Ryo and Akira have an interesting dynamic, one the series underplays and barely explores. In order to keep certain late series twists off the table until the final episodes, the conflict between the two is severely underplayed, often to the detriment of Akira’s character. Sometimes it doesn’t make a lot of sense why Akira forgives or overlooks things Ryo does, particularly when they threaten people Akira cares about. This makes it difficult to connect with Akira, who often feels a tad too soft, even for a boy as overwhelmingly empathetic as he is, which is something we don’t really ever go into: Akira’s ability to strongly empathize with anyone, to the point where he bursts into tears even if they aren’t overtly crying themselves. Thankfully the fast pacing largely reduces these issues, making them more lingering annoyances when thinking pack on the overall plot.

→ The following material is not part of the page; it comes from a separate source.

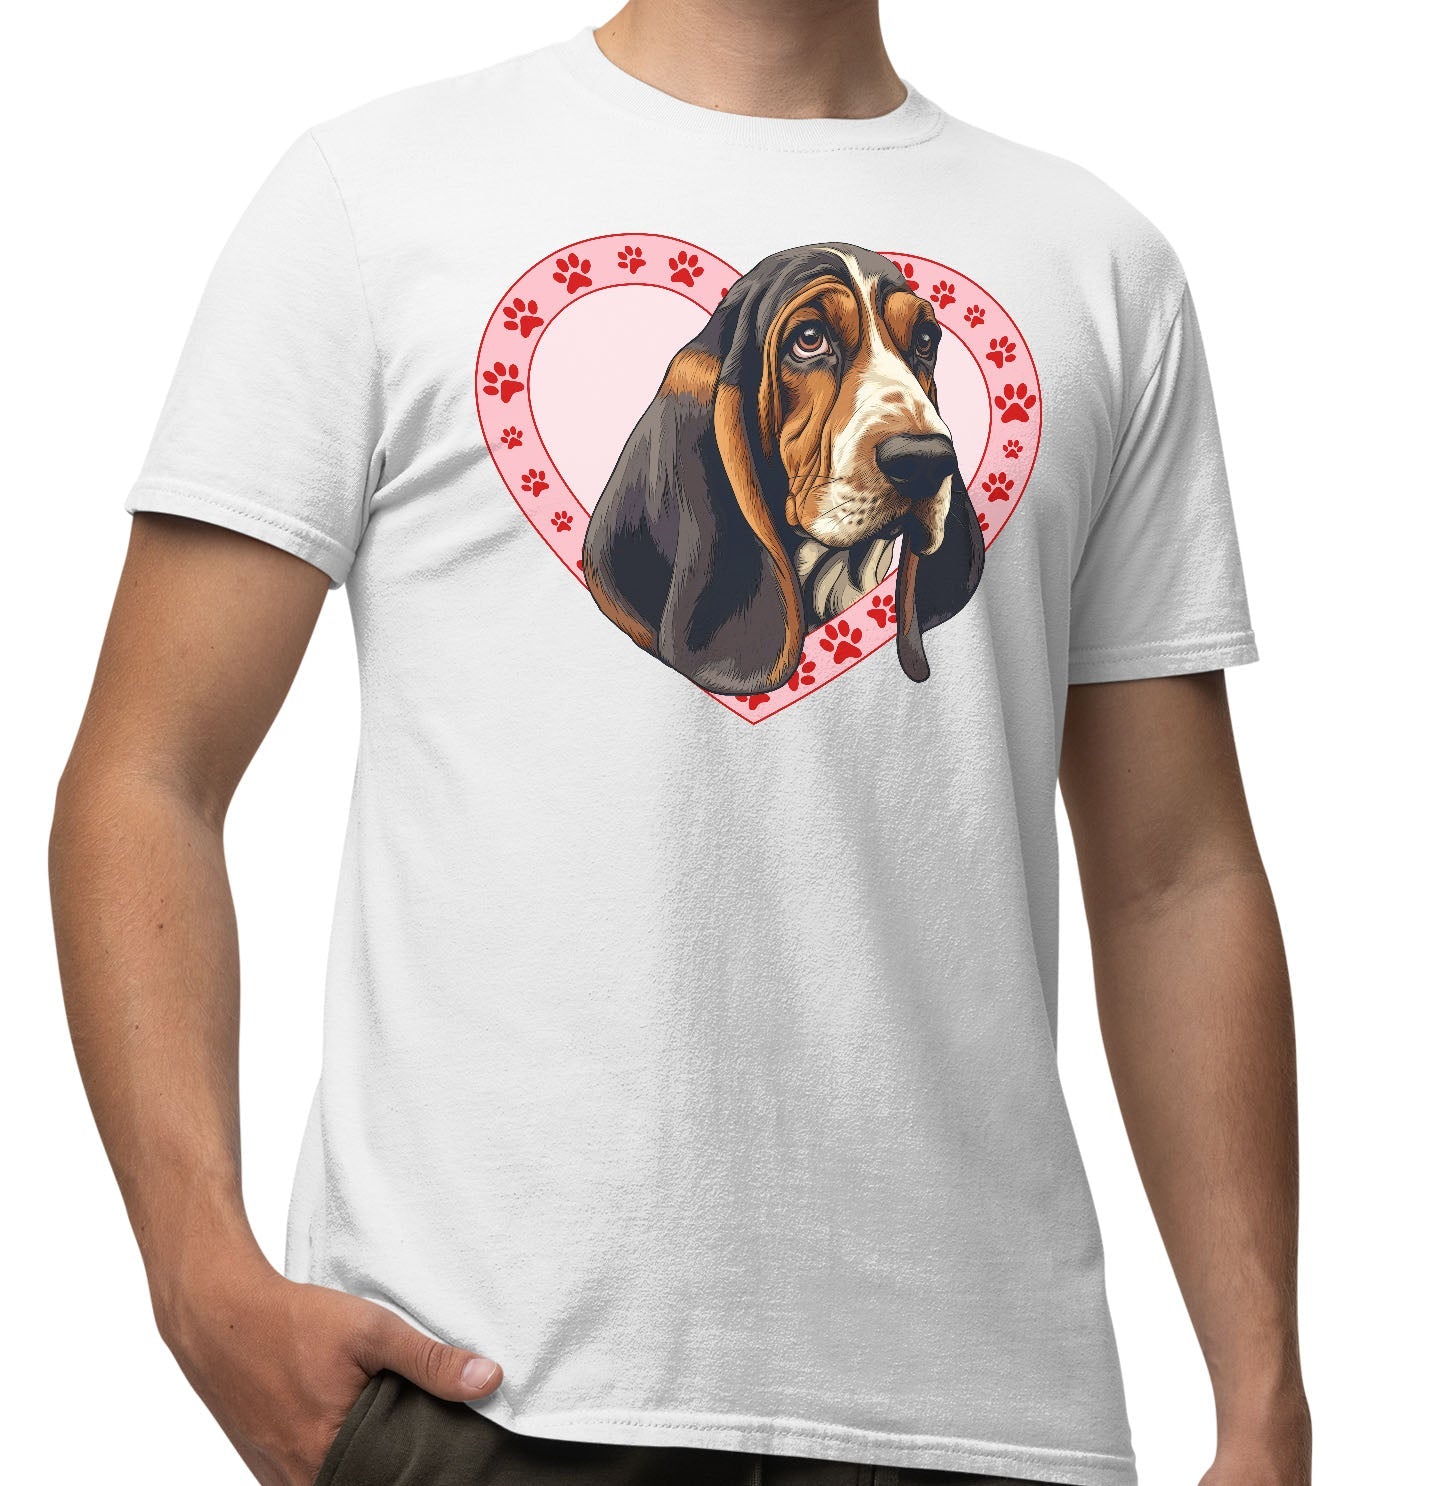 Basset Hound (Black, Brown & White) Illustration In Heart - Adult Unisex T-Shirt

While the fast pace helps to obfuscate some issues it actively causes others. The series isn’t ever truly amazing during its first six episodes, often keeping your attention through sheer shock value at the explicit nature of its thematic visuals. Emotional moments tend to ring more hollow than true, as we aren’t given the breathing room to really grow attached to certain elements or characters. At the same time, because things move quickly, even when the emotional punch doesn’t land, or perhaps fails to be as effective as it could be, we’re rushing along to something else. As a weekly series Devilman might’ve felt more hollow, and greatly benefits from Netflix’s binge-watch model.

I do kind of love how absolutely no one in the series questions how ridiculous this looks.

Ultimately however, Crybaby comes into its own during Episode 7, and deserves significant praise for its final three episodes, which stand far and above the rest of the series. These three episodes are well worth sitting through the previous seven, filled with tons of emotional pay off, incredible visual design and imagery, with a climatic conclusion that capitalizes on Crybaby’s grim tone, providing a perfectly thematic conclusion to the series as a whole. That said, Devilman Crybaby’s ending isn’t for anyone looking for a pick me up. Without spoiling too much the end is bleak, probably far bleaker than you might initially assume. It bucks trends of providing an overly sappy and happy conclusion, likely to leave some viewers emotionally upset and unhappy with the way Crybaby chooses to bring itself to a close.

Devilman Crybaby isn’t perfect but remains an excellent mini-series. It captures its tone well, and never backs down in order to become a people pleasing title. It’s art is divisive but on a whole, generally works to bring this beloved 1970s manga to life. It’s hardly an anime for everyone though, and I wouldn’t recommend this to anyone who isn’t prepared for what is; undoubtedly, one of the medium’s bleakest and most emotionally upsetting offerings. But if you’re looking for quality, artistic integrity, and an overall unique and engaging experience, Devilman Crybaby is, in that regard, a perfect watch.


“Recommended: Devilman Crybaby offers Director Yuasa’s unique visual style, a relentlessly bleak atmosphere, and sheer intensity marred only by fast pacing, some weak character work and a few questionable, artistic choices.”



DEVILMAN Crybaby is available for streaming via Netflix.